Monday, May 13, 2024

'It Is a Rite of Finitude'

Most of Richard Wilbur’s poetry I read retrospectively, in books, long after it was written and first published in magazines. One exception I remember is “All That Is,” which appeared in the May 13, 1985 issue of The New Yorker. I had mostly stopped reading the magazine by that time. Someone observed that every reader of The New Yorker believes its glory days have passed, and that the time he discovered it was the Golden Age. That realization probably hit me in the late seventies, though I occasionally relented to see what John Cheever and Whitney Balliett had published. 

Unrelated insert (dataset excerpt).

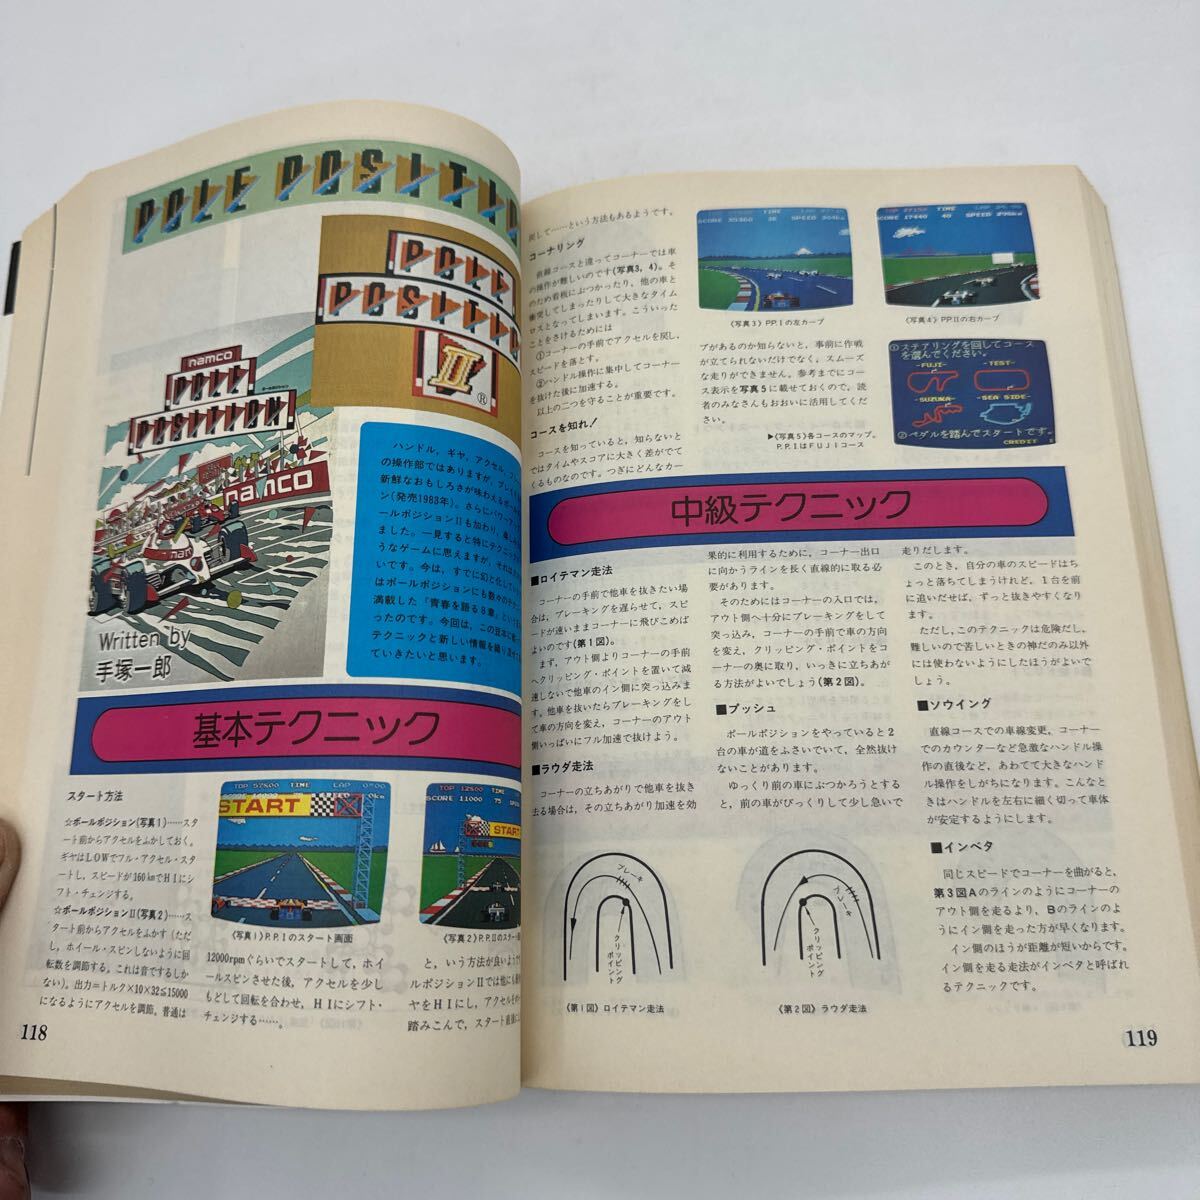 namco шедевр игра сборник microcomputer отдельный выпуск Namco Mu jiam microcomputer BASIC журнал отдельный выпуск Namco игра. все NAMCO

My late father-in-law was a dedicated worker of crossword puzzles, those in the Times and the Post. He sat at the counter in his kitchen in Virginia, working them till complete, every square filled with ink. He politely rebuffed kibitzing but occasionally asked about a specific clue. Wilbur’s poem reminds me of the odds and ends of language found in crossword puzzles, the unfamiliar abbreviations and acronyms, the small esoteric words used like tiles in a mosaic. Wilbur’s first example: “The confluence of the Oka and the Aare,” rivers in Russia and Switzerland, respectively. And this homage to Charles Lamb: “Does she end / By reading to him from the works of Elia?”

 

Crossword puzzles, the tough ones, are playgrounds for polymaths who revel in precious trivia. Wilbur cites Lautréamont, and does the reader of Les Chants de Maldoror know his Hindu deities (Markandeya) and that an oast is a kiln for drying hops? Nabokov (whose tile-like ADA is a likely clue) would have loved Wilbur’s poem:

 

“It is a puzzle which, as puzzles do,

Dreams that there is no puzzle. It is a rite

Of finitude, a picture in whose frame

Roc, oast, and Inca decompose at once

Into the ABCs of every day.”

3 comments:

Don said...

Slightly off topic, but yesterday I came across the word "ruth" while reading Daniel Deronda. "Among the things we may gamble away in a lazy selfish life is the capacity for ruth, compunction, or any unselfish regret..." Turns out it is an old word, according to the OED, dating back to 1200. Ruthless first shows up a century later. Always interesting when the secondary word outlasts the original.

Thomas Parker said...

I never saw the New Yorker as being much more than John Updike's private prose parking lot, though every few months I would go through a pile of them at the library just to read Pauline Kael's movie reviews.

Faze said...

In the 1980s, I worked in a building on 43rd Street, a few doors down from where the New Yorker had its offices. One day, I was coming back from lunch when I recognized John Updike himself (much taller than I'd pictured him)standing on the sidewalk, talking to another man. "I'll tell my grandchildren about this," I thought when I got back to my desk. Now that actually have grandchildren, I wouldn't dare bore them with a story like that.